TASK ITEM
Your copy should match the listing below word for word, with no images in it.

***** GIVEN MATERIAL *****

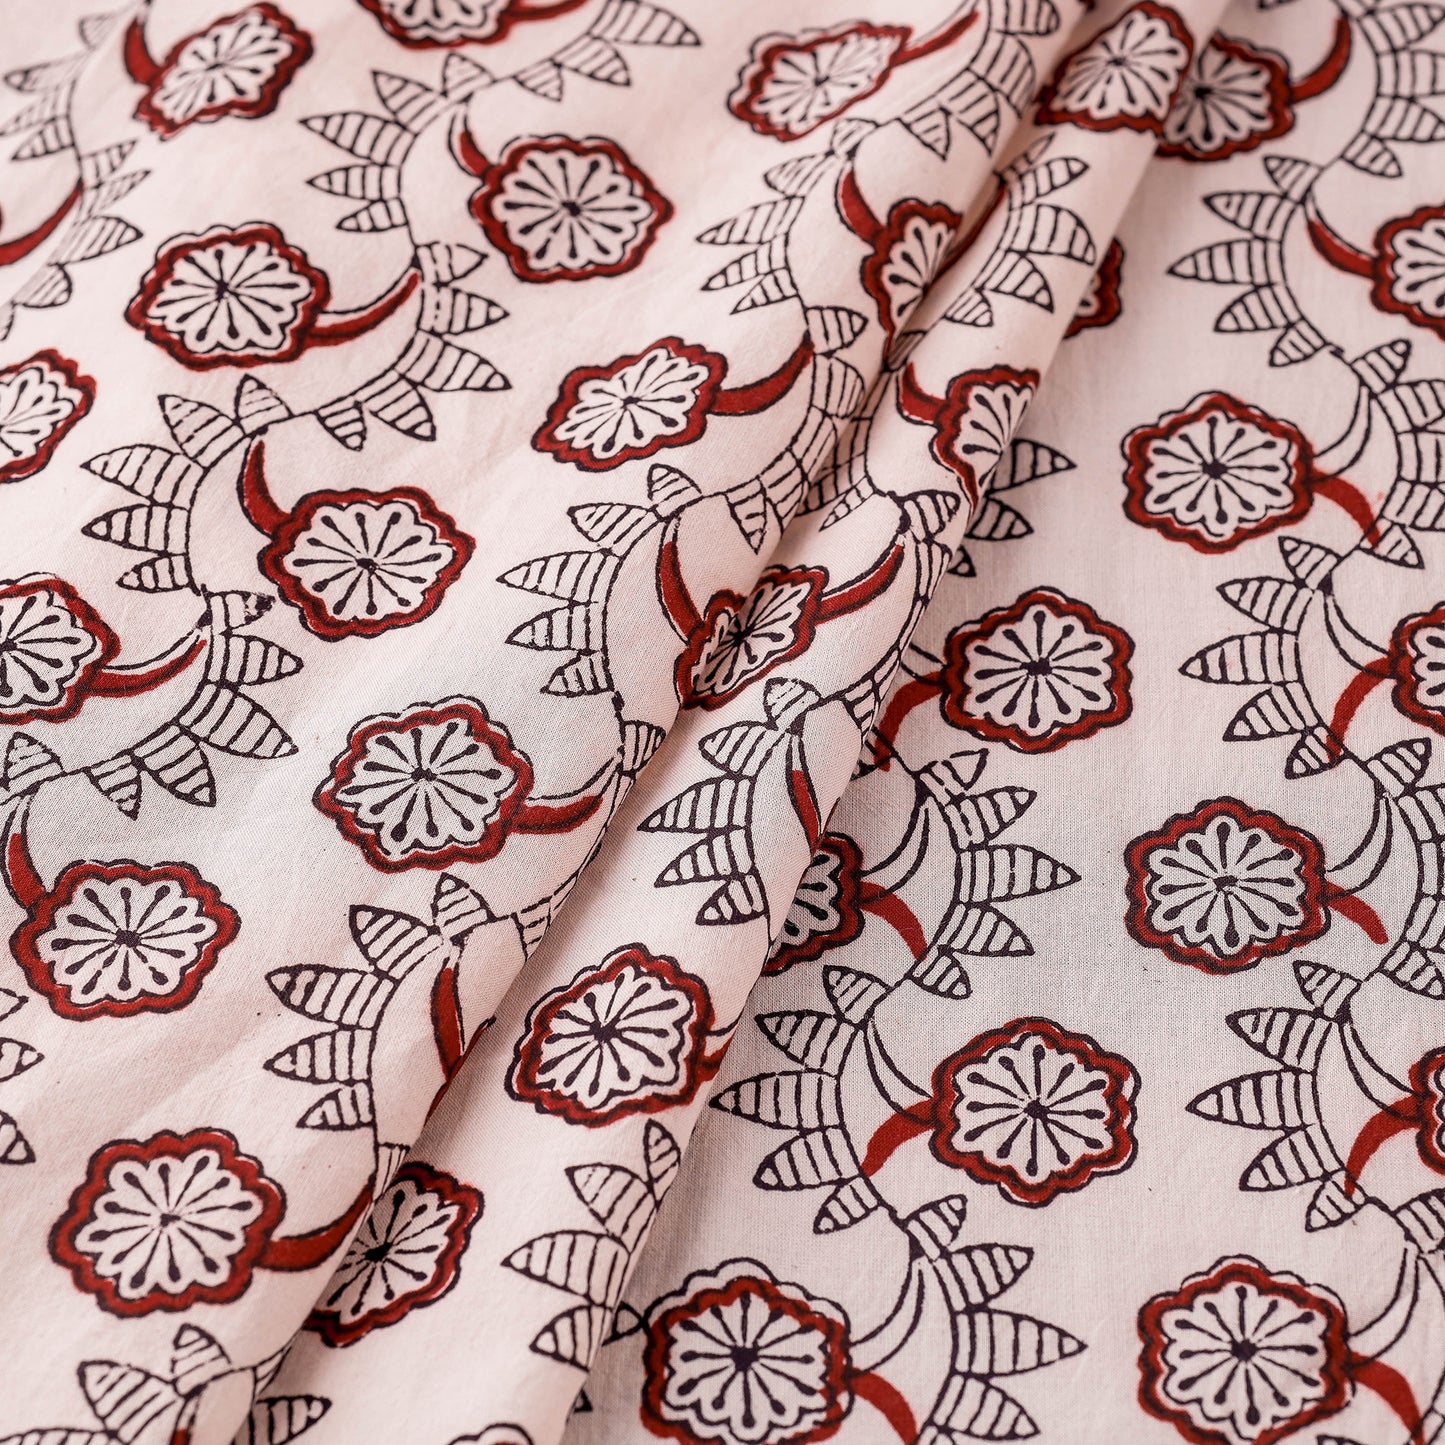 White - Bagh Block Printed Natural Dyed Cotton Fabric
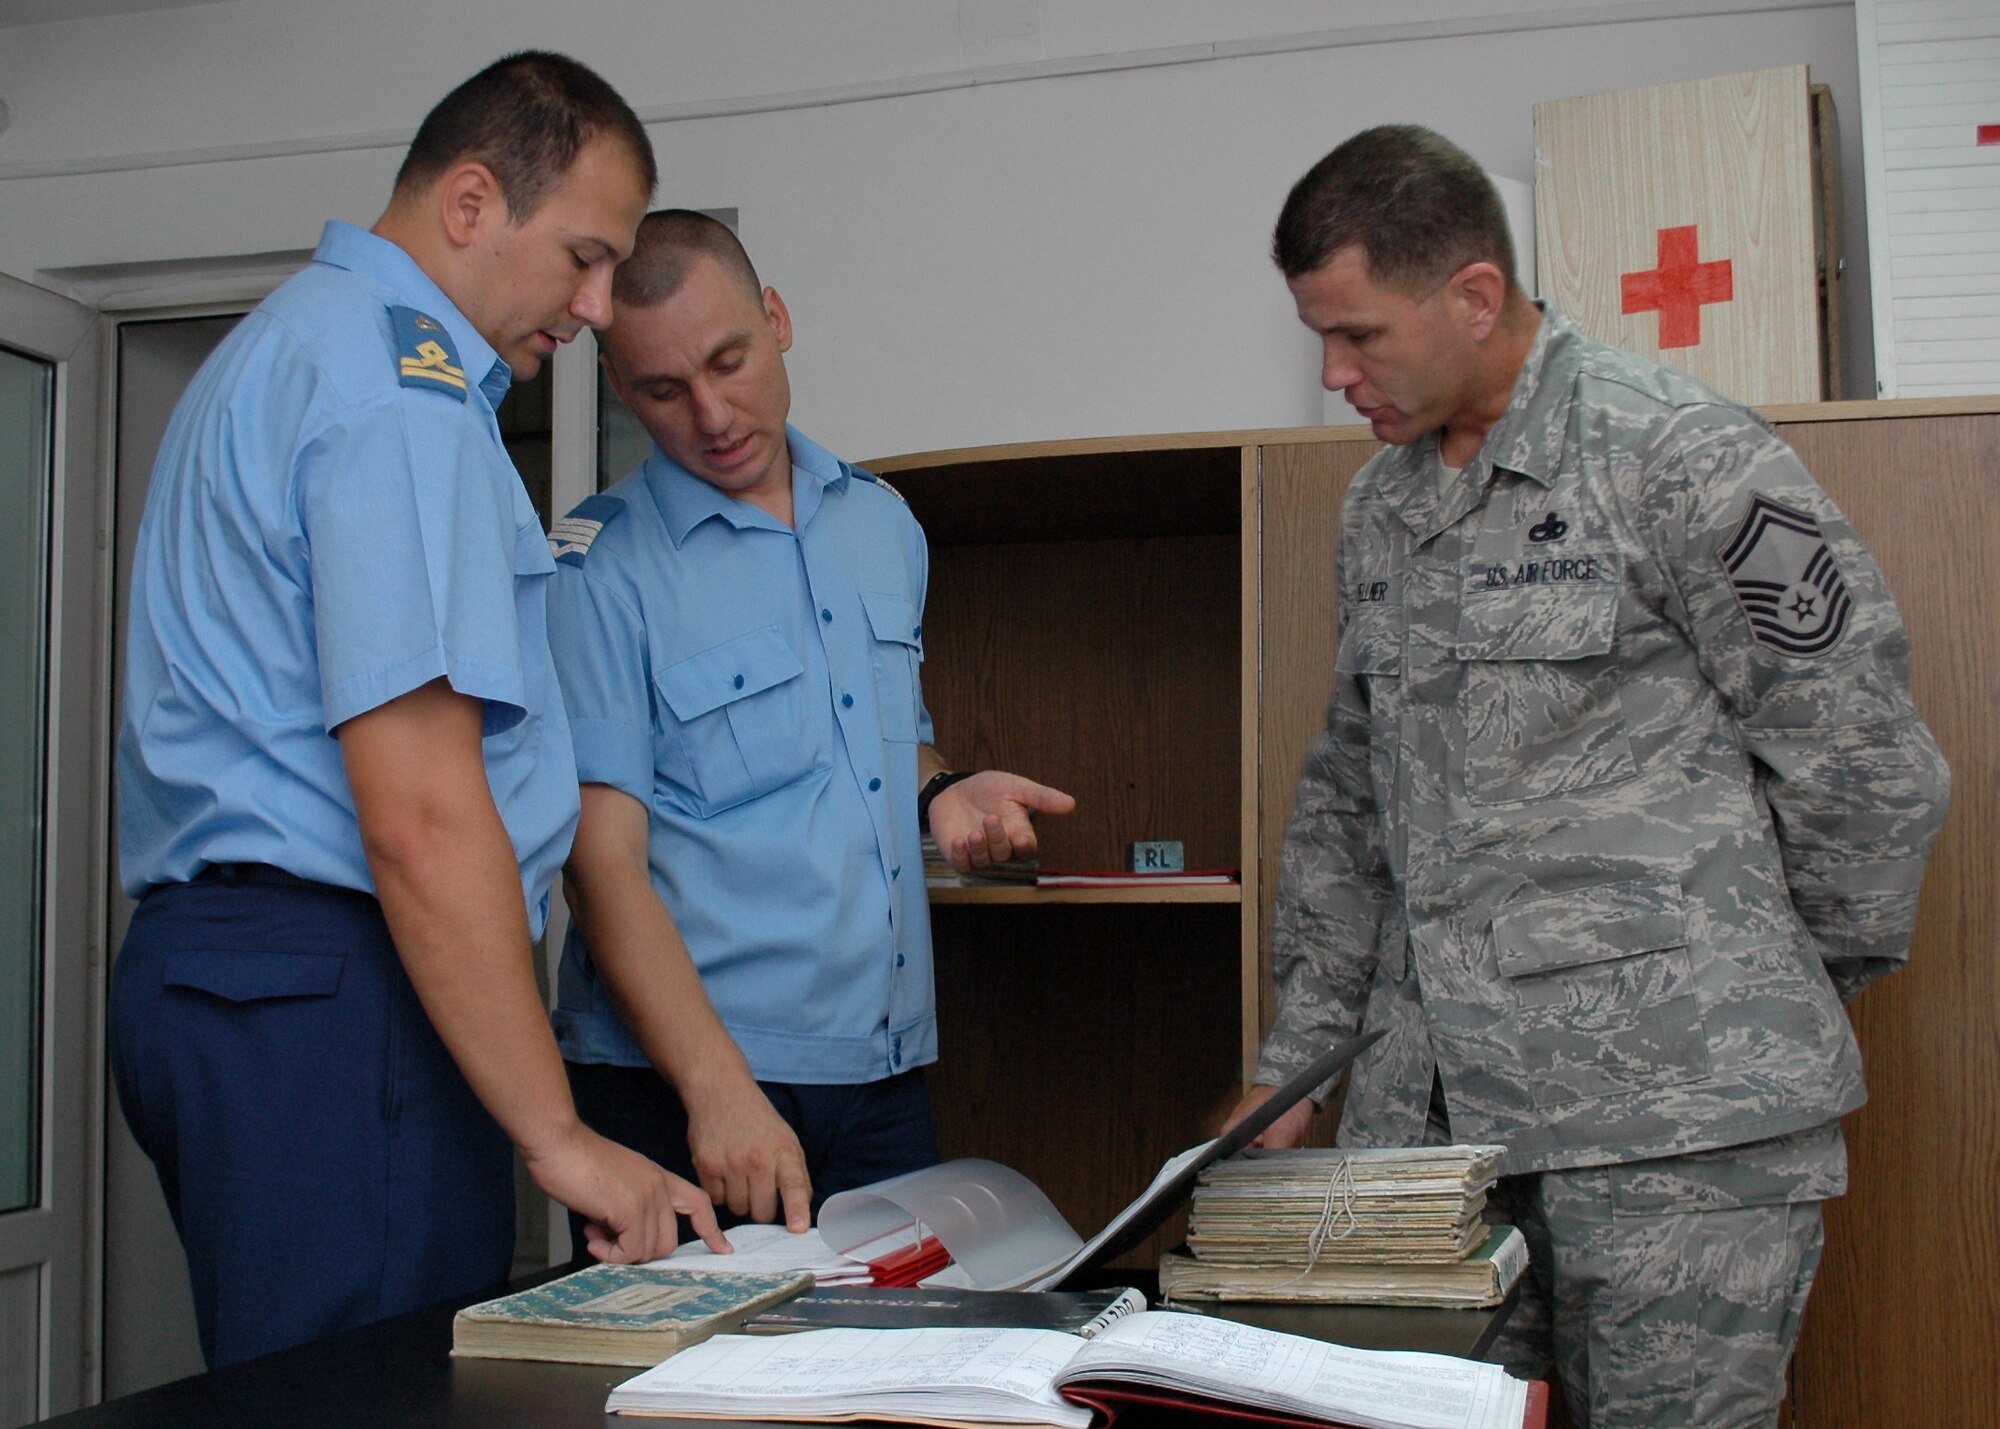 Romanian Air Force 1st Lt. Gabriel Tanase, (far left), and Warrant Officer Second Class Dima Valentin from the 86th Air Base in Fetesti, Romania, discuss how maintenance on the MiG-21 Lancer is documented in their log books Aug. 26, 2009, with Senior Master Sgt. Timothy Kellner, 31st Maintenance Group quality assurance superintendent.  Sergeant Kellner was part of a three-person U.S. Air Forces in Europe Maintenance NCO Training Program Traveling Contact Team who met with RoAF aircraft maintainers and WO and NCO school instructors Aug. 25-28.  (U.S. Air Force photo/Tech. Sgt. Michael O’Connor)
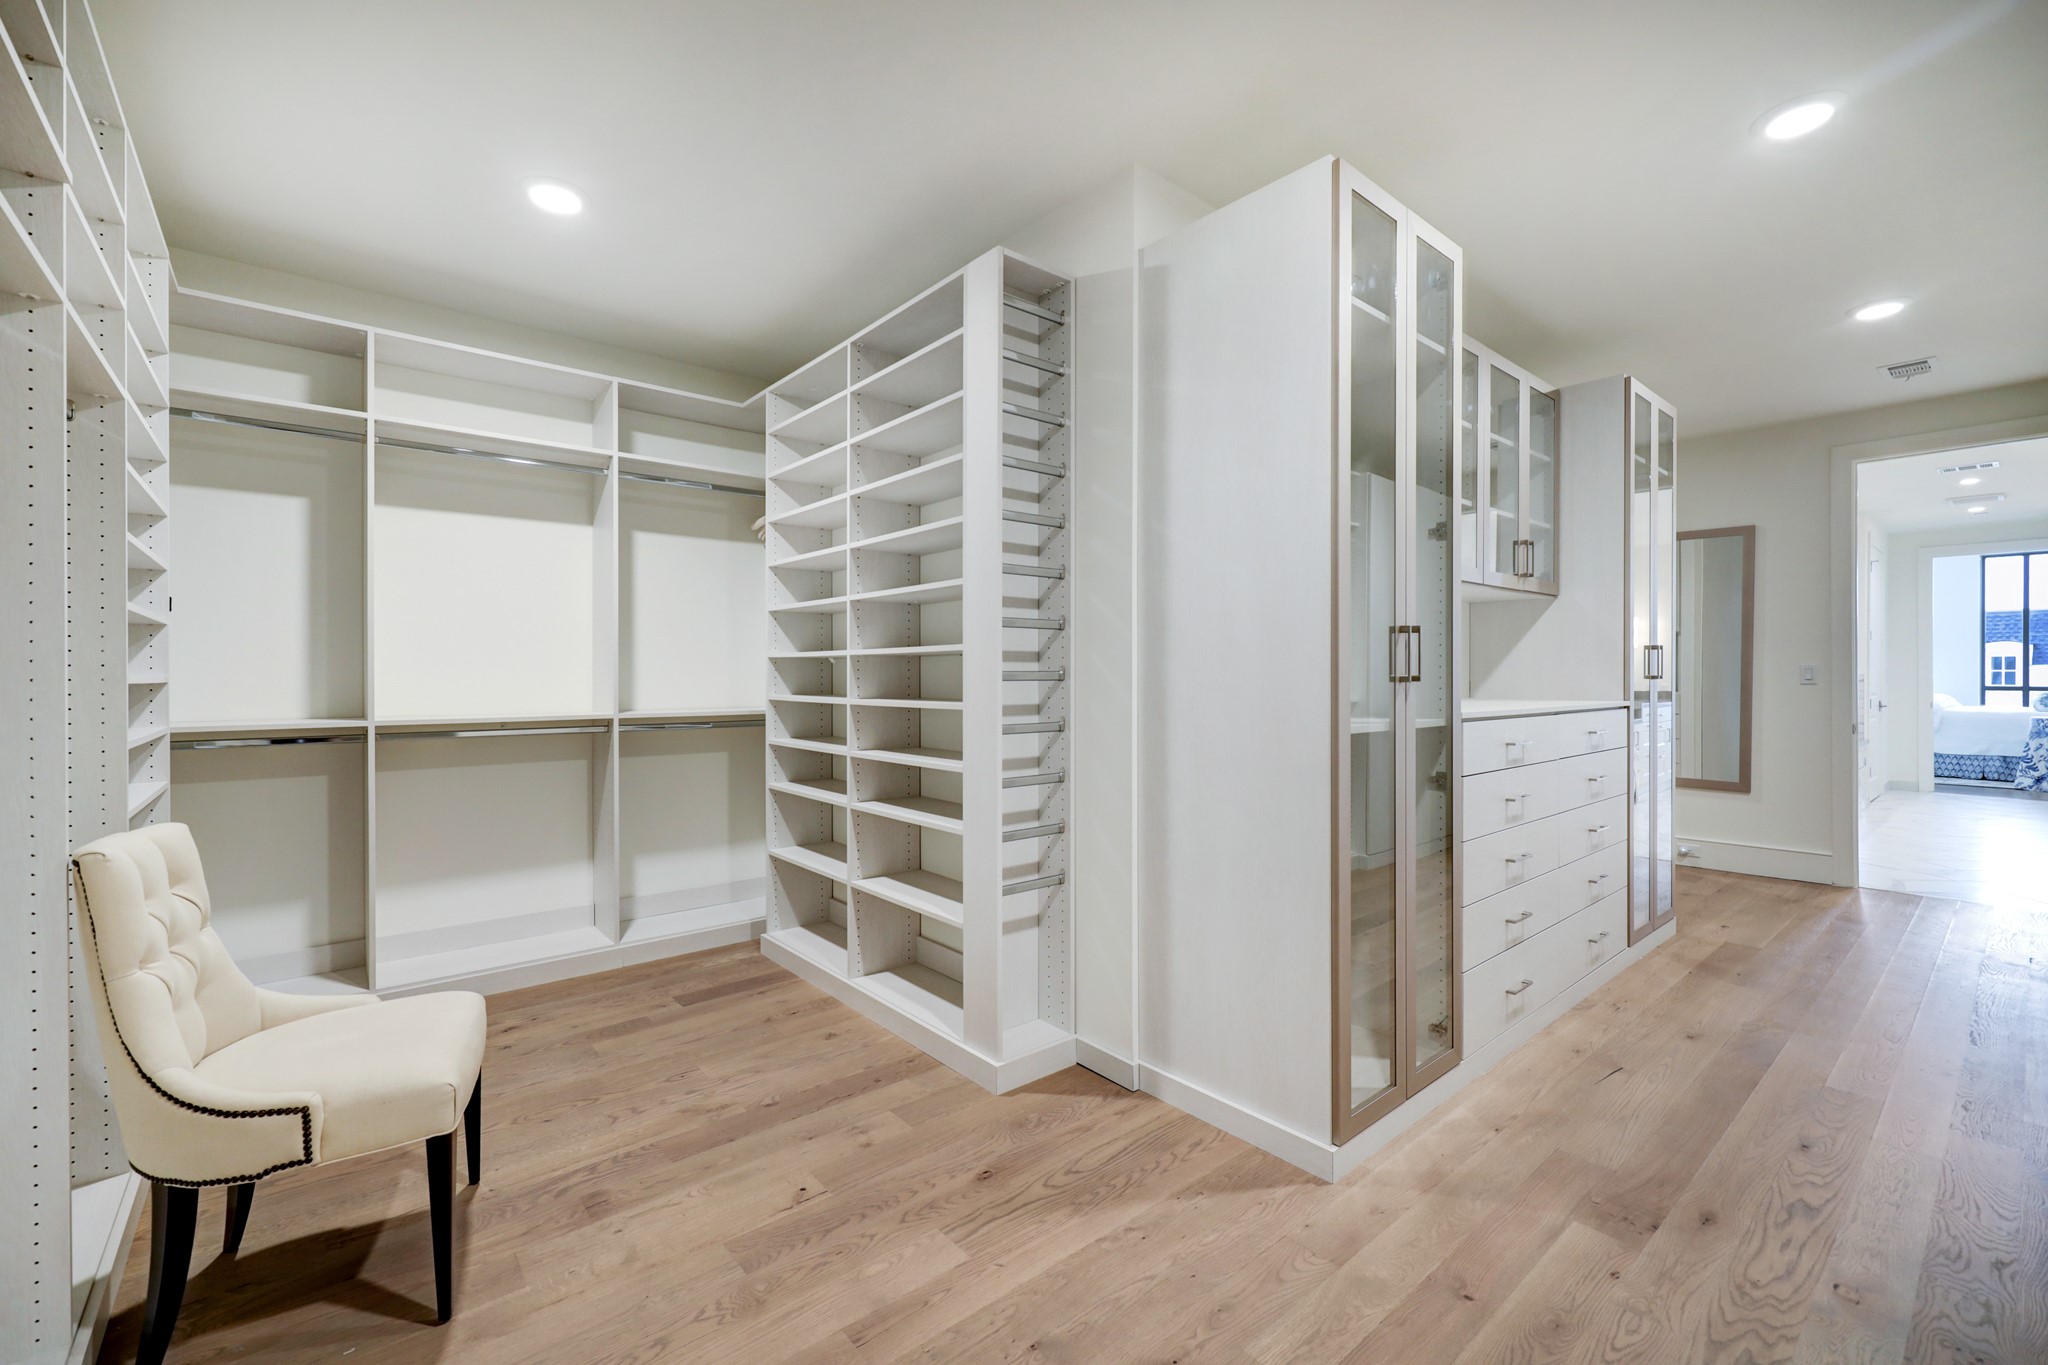 Another view of the PRIMARY CLOSET, this one showing the various sizes of the shelving provided, a packing station with drawers underneath and impressive glass front hanging closets.

*****

OUTPUT OF THE TASK
 White - Bagh Block Printed Natural Dyed Cotton Fabric
 Romanian Air Force 1st Lt. Gabriel Tanase, (far left), and Warrant Officer Second Class Dima Valentin from the 86th Air Base in Fetesti, Romania, discuss how maintenance on the MiG-21 Lancer is documented in their log books Aug. 26, 2009, with Senior Master Sgt. Timothy Kellner, 31st Maintenance Group quality assurance superintendent.  Sergeant Kellner was part of a three-person U.S. Air Forces in Europe Maintenance NCO Training Program Traveling Contact Team who met with RoAF aircraft maintainers and WO and NCO school instructors Aug. 25-28.  (U.S. Air Force photo/Tech. Sgt. Michael O’Connor)
 Another view of the PRIMARY CLOSET, this one showing the various sizes of the shelving provided, a packing station with drawers underneath and impressive glass front hanging closets.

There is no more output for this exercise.